*** Opening of Data provided ***

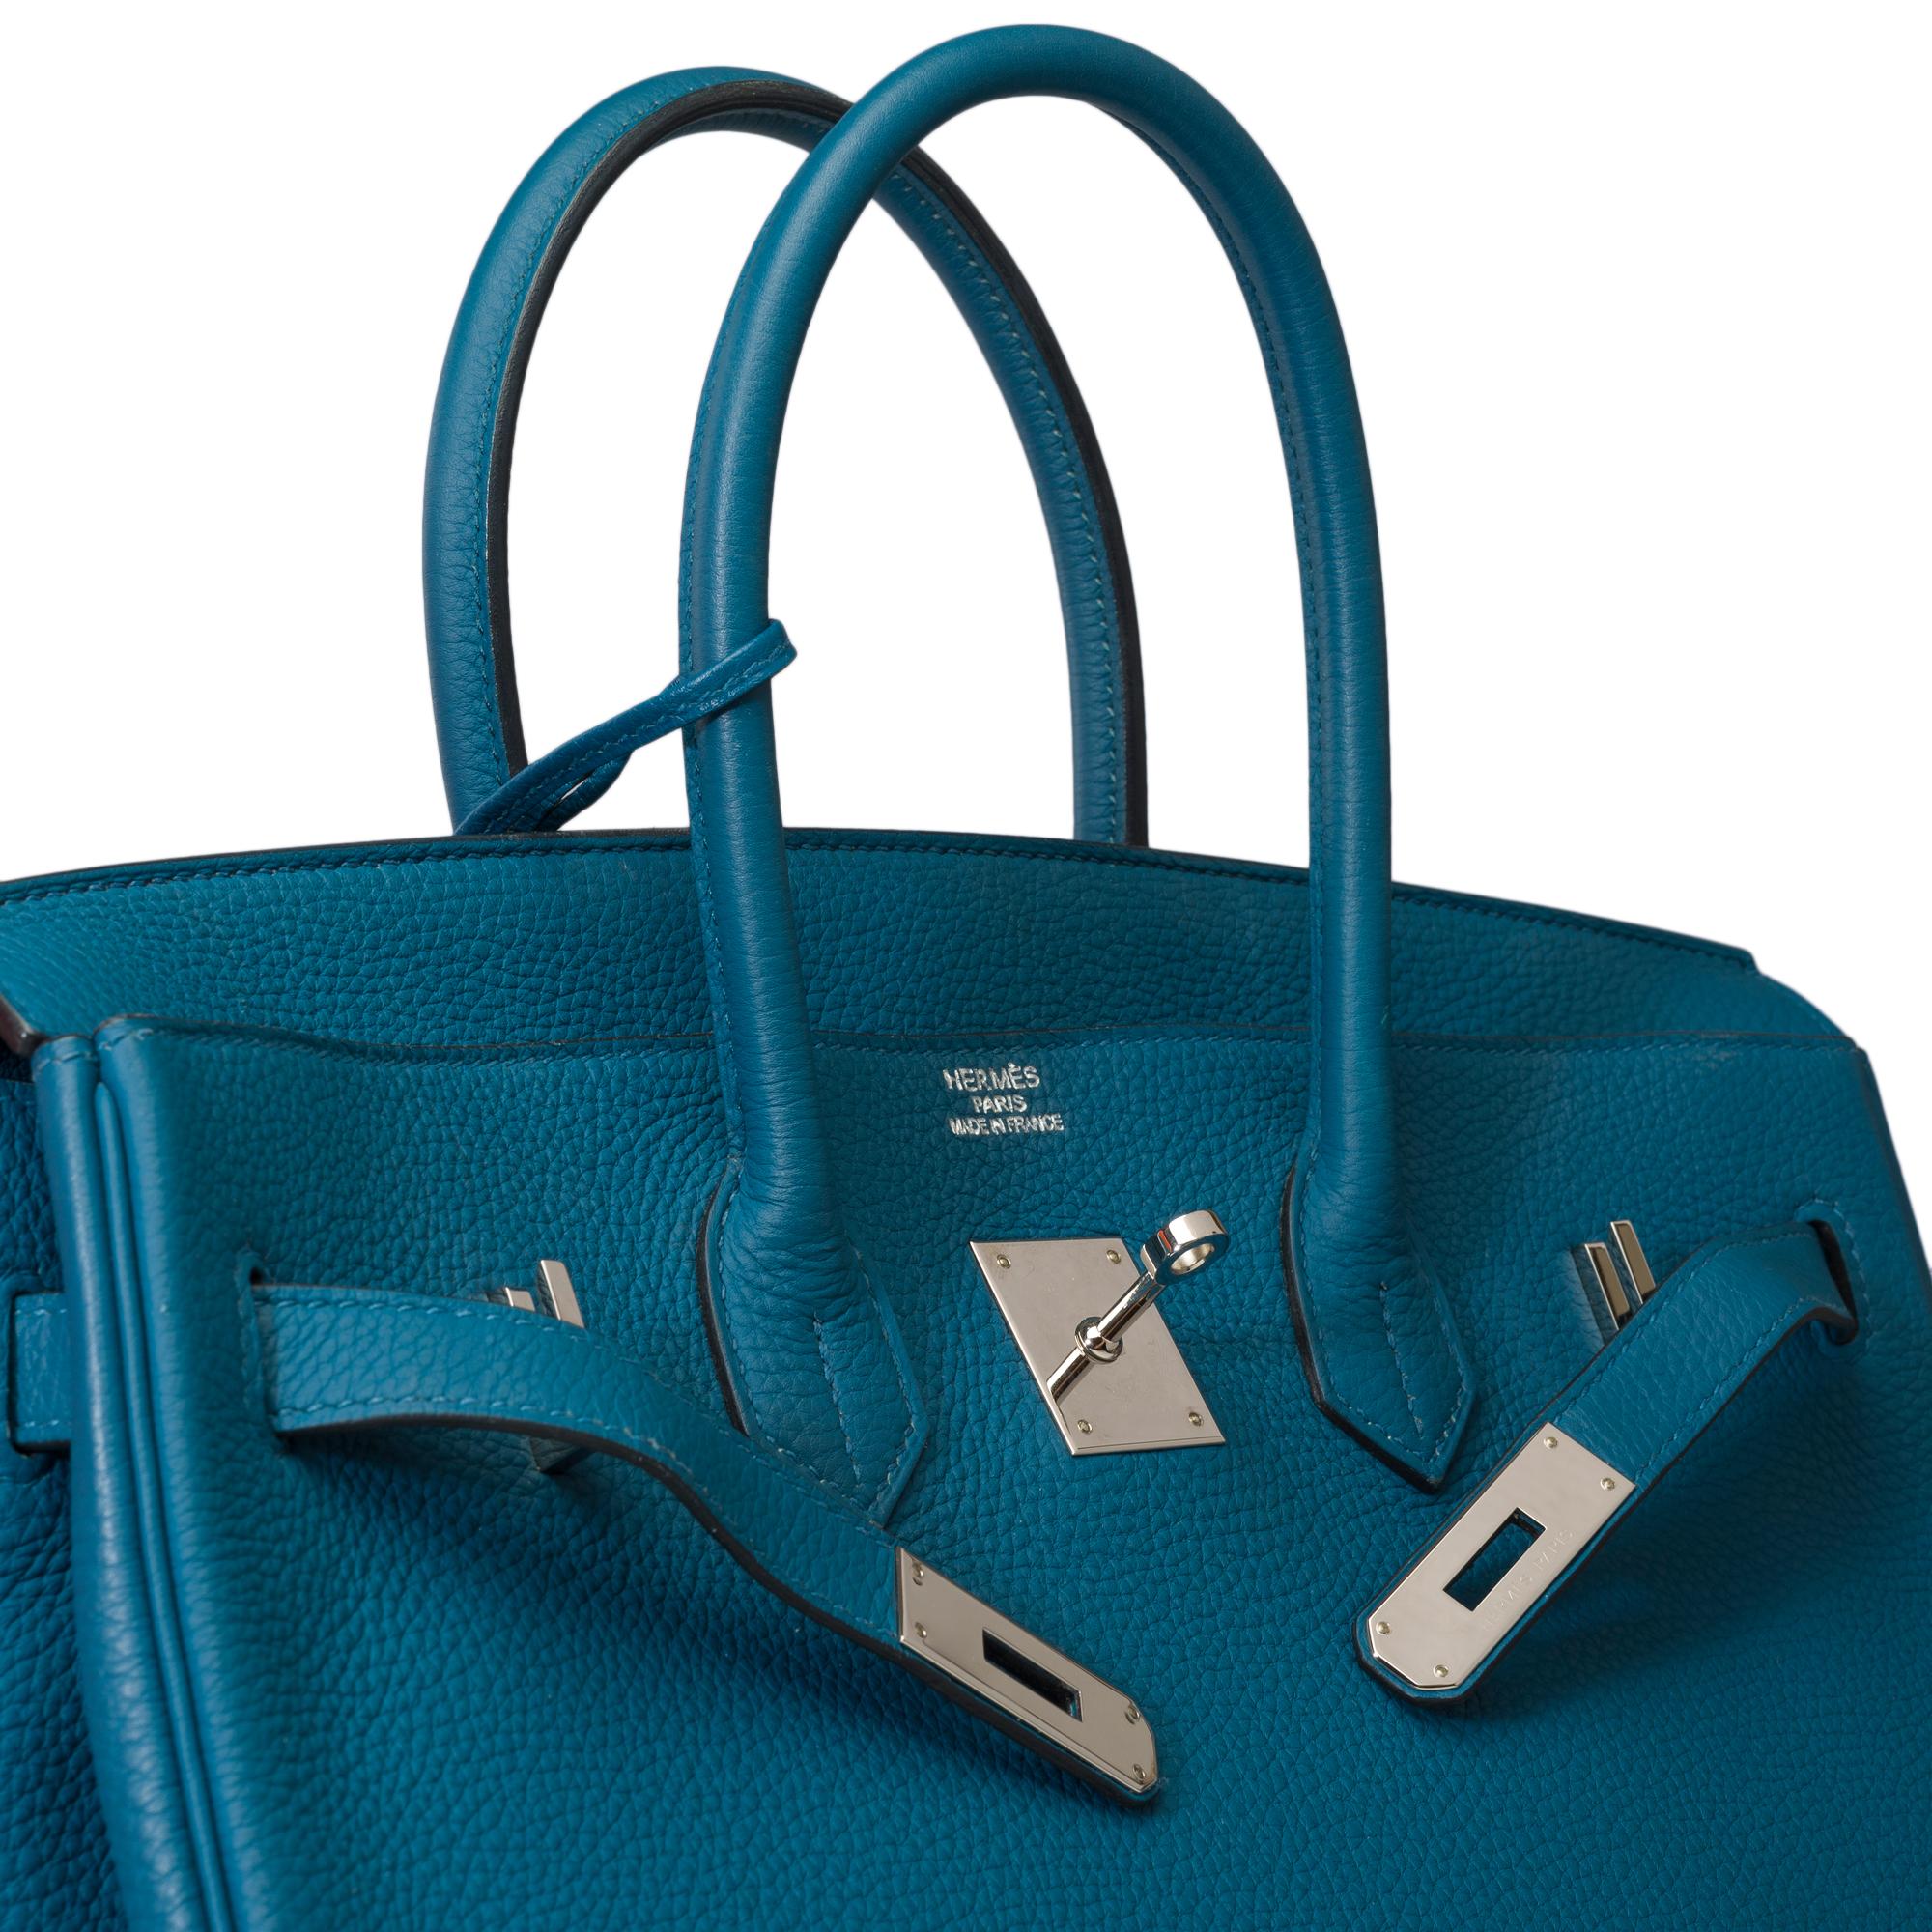 Amazing Hermes Birkin 35 handbag in Bleu Colvert Togo leather, SHW For Sale 3
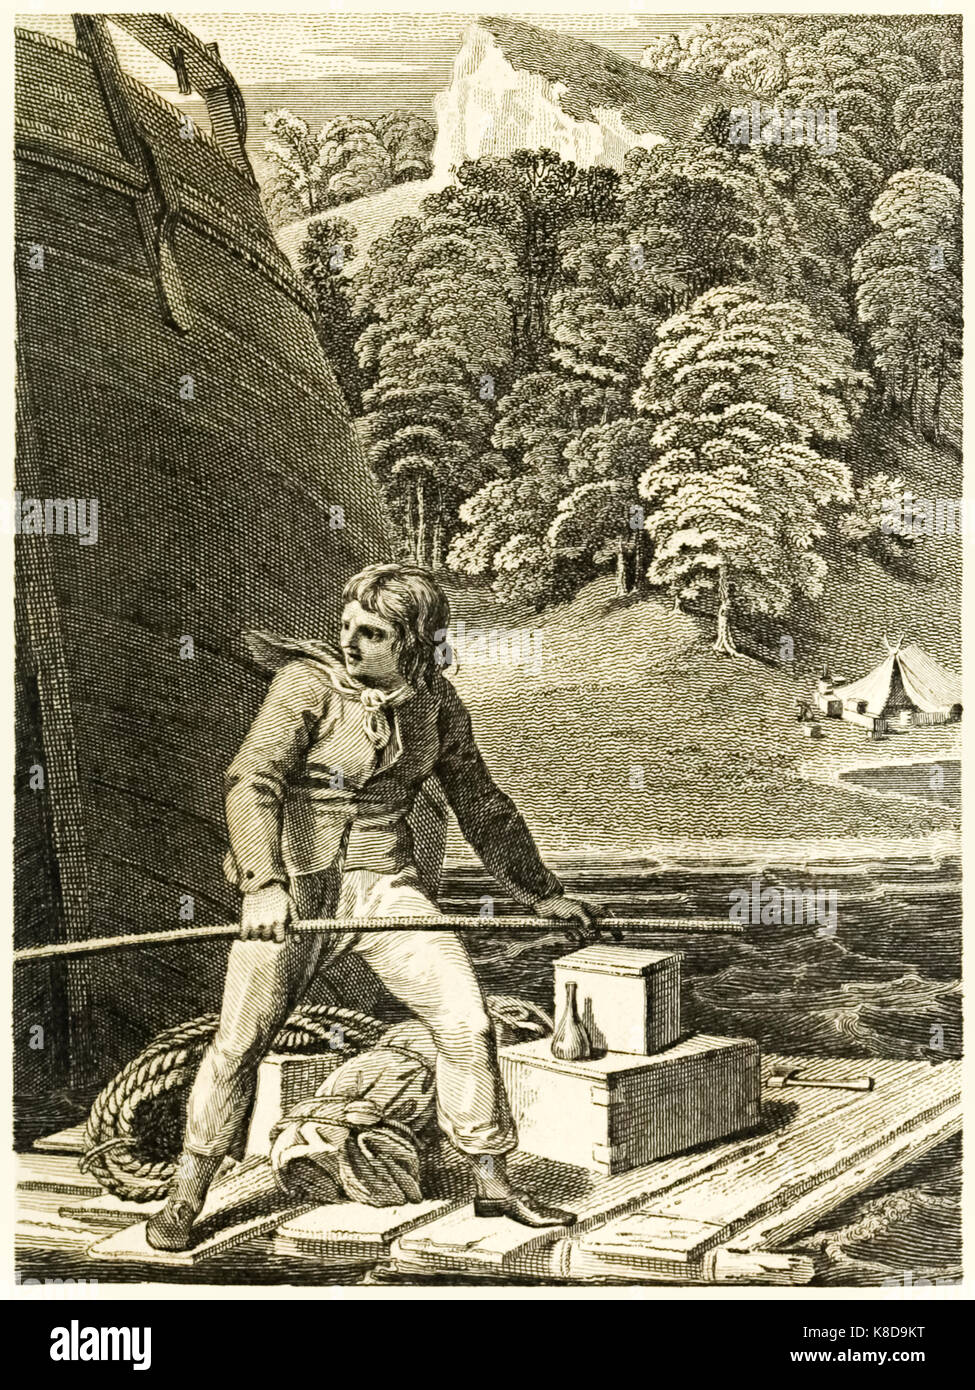 "Robinson Crusoe sulla sua zattera" da "La vita e le strane sorprendenti avventure di Robinson Crusoe, o York, Mariner" di Daniel Defoe (1660-1731). Illustrazione di Thomas Stothard (1755-1834) incisione di Thomas Medland (1765-1833). Vedere ulteriori informazioni qui di seguito Foto Stock
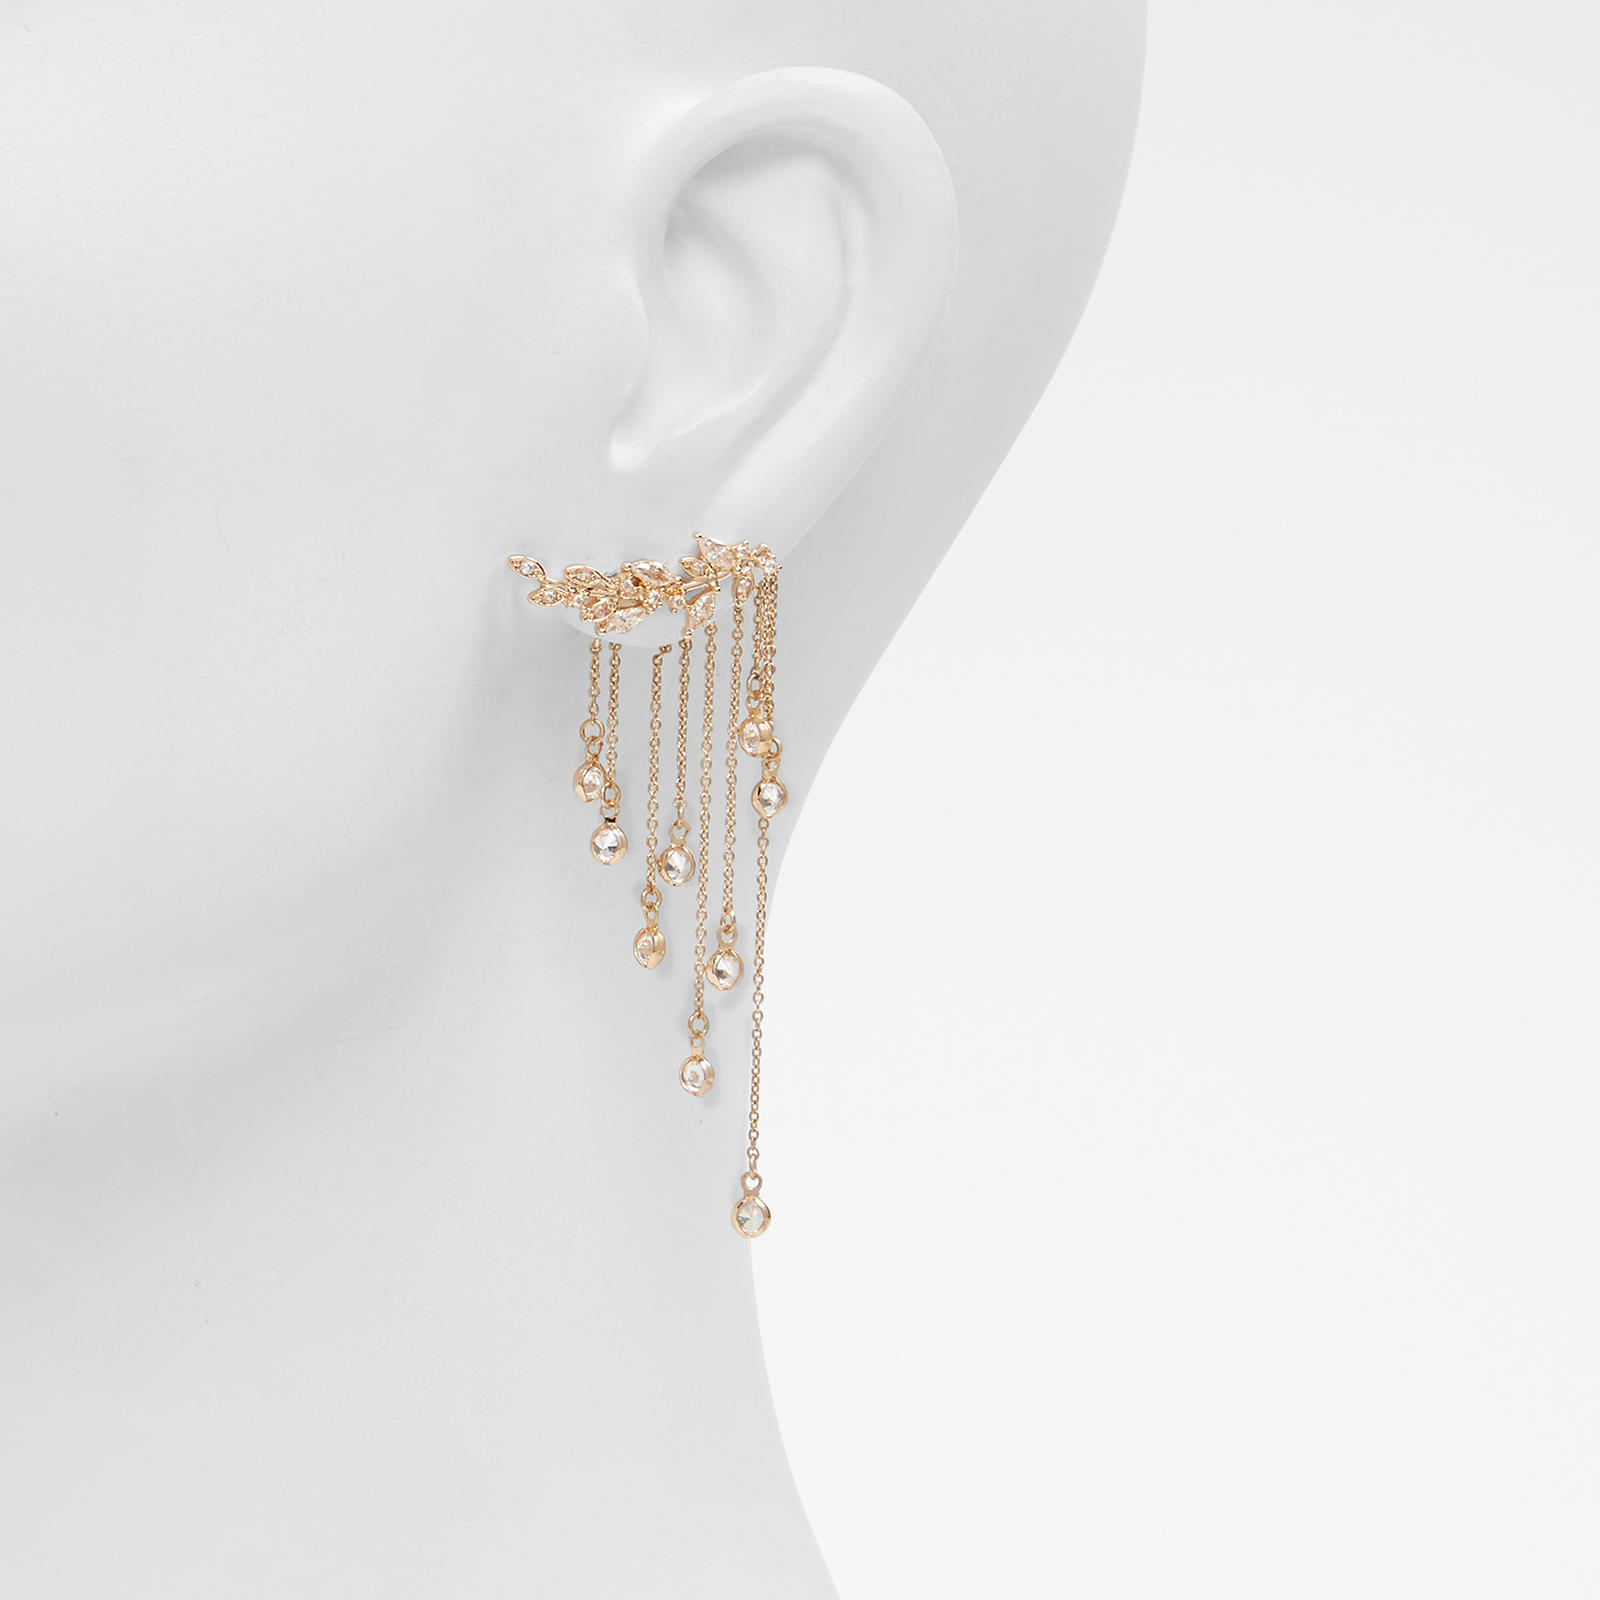 Image of ALDO Aalirwen - Women's Earring Jewelry - Gold-Clear

*** Close of Data provided ***

## Exercise brief
The entire listing is to be printed exactly, with each picture omitted.

## Response to this exercise
 Amazing Hermes Birkin 35 handbag in Bleu Colvert Togo leather, SHW For Sale 3
 "Robinson Crusoe sulla sua zattera" da "La vita e le strane sorprendenti avventure di Robinson Crusoe, o York, Mariner" di Daniel Defoe (1660-1731). Illustrazione di Thomas Stothard (1755-1834) incisione di Thomas Medland (1765-1833). Vedere ulteriori informazioni qui di seguito Foto Stock
 Image of ALDO Aalirwen - Women's Earring Jewelry - Gold-Clear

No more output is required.